Paragraph 36 of Statement 133 states, in part:
A foreign currency derivative instrument that has been entered into with another member of a consolidated group can be a hedging instrument in a fair value hedge or in a cash flow hedge of a recognized foreign-currency-denominated asset or liability or in a net investment hedge in the consolidated financial statements only if that other member has entered into an offsetting contract with an unrelated third party to hedge the exposure it acquired from issuing the derivative instrument to the affiliate that initiated the hedge.
Paragraph 37 of Statement 133 states, in part:
A derivative instrument or a nonderivative financial instrument that may give rise to a foreign currency transaction gain or loss under Statement 52 can be designated as hedging changes in the fair value of an unrecognized firm commitment, or a specific portion thereof, attributable to foreign currency exchange rates. [Emphasis added.]
RESPONSE
Yes. An entity may designate an intercompany loan or other payable as the hedging instrument in a foreign currency fair value hedge of an unrecognized firm commitment and qualify for hedge accounting in the consolidated financial statements. That designation is consistent with the ability under paragraph 37 of Statement 133 to designate nonderivative instruments as hedging instruments in foreign currency fair value hedges of firm commitments. However, hedge accounting in the consolidated financial statements may only be applied if the member of the consolidated entity that is the counterparty to the intercompany loan has entered into a third-party contract that offsets the foreign exchange exposure of that entity's intercompany loan receivable. That is, the requirement in paragraph 36 that an intercompany derivative designated as a hedging instrument in a foreign currency fair value hedge be offset by a third-party contract would also apply to intercompany nonderivative instruments designated as hedging instruments. In order to remain consistent with the notion that the intercompany contract is simply a conduit for the third-party exposure, an intercompany loan designated as a hedging instrument must be offset by a third-party loan (that is, it may not be offset by a derivative contract). Hedge accounting may be applied in consolidation only to those gains and losses occurring during the period that the offsetting third-party loan is in place.

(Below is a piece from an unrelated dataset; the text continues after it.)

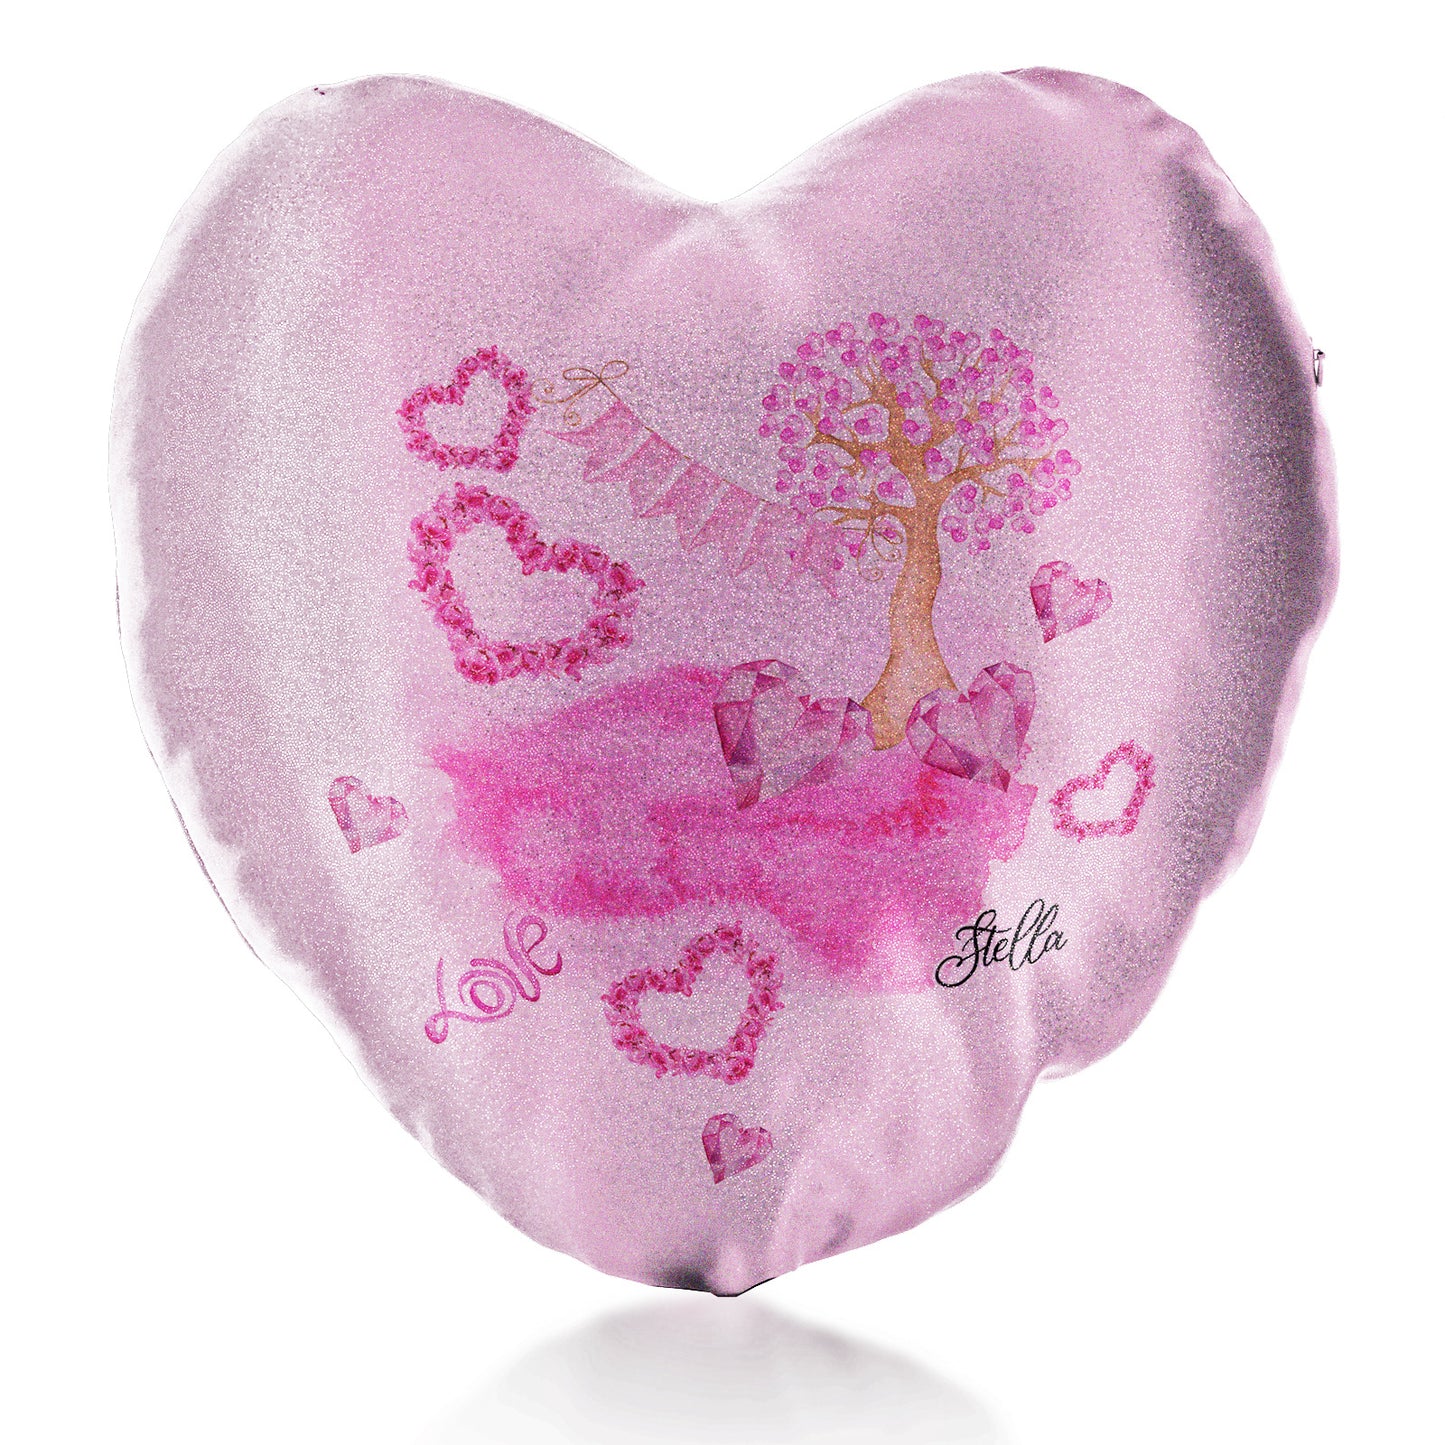 Personalised Glitter Heart Cushion with Stylish Text and Pink Love Landscape Print

In the example described in the Background section, Subsidiary B's yen-denominated intercompany payable may be designated as a fair value hedge of the foreign exchange exposure arising from the third-party yen-denominated firm commitment. Parent A has in place a third-party yen-denominated borrowing that offsets the exposure of its yen-denominated intercompany receivable from Subsidiary B during the period the intercompany loan receives hedge accounting.
The above response has been authored by the FASB staff and represents the staff's views, although the Board has discussed the above response at a public meeting and chosen not to object to dissemination of that response. Official positions of the FASB are determined only after extensive due process and deliberation.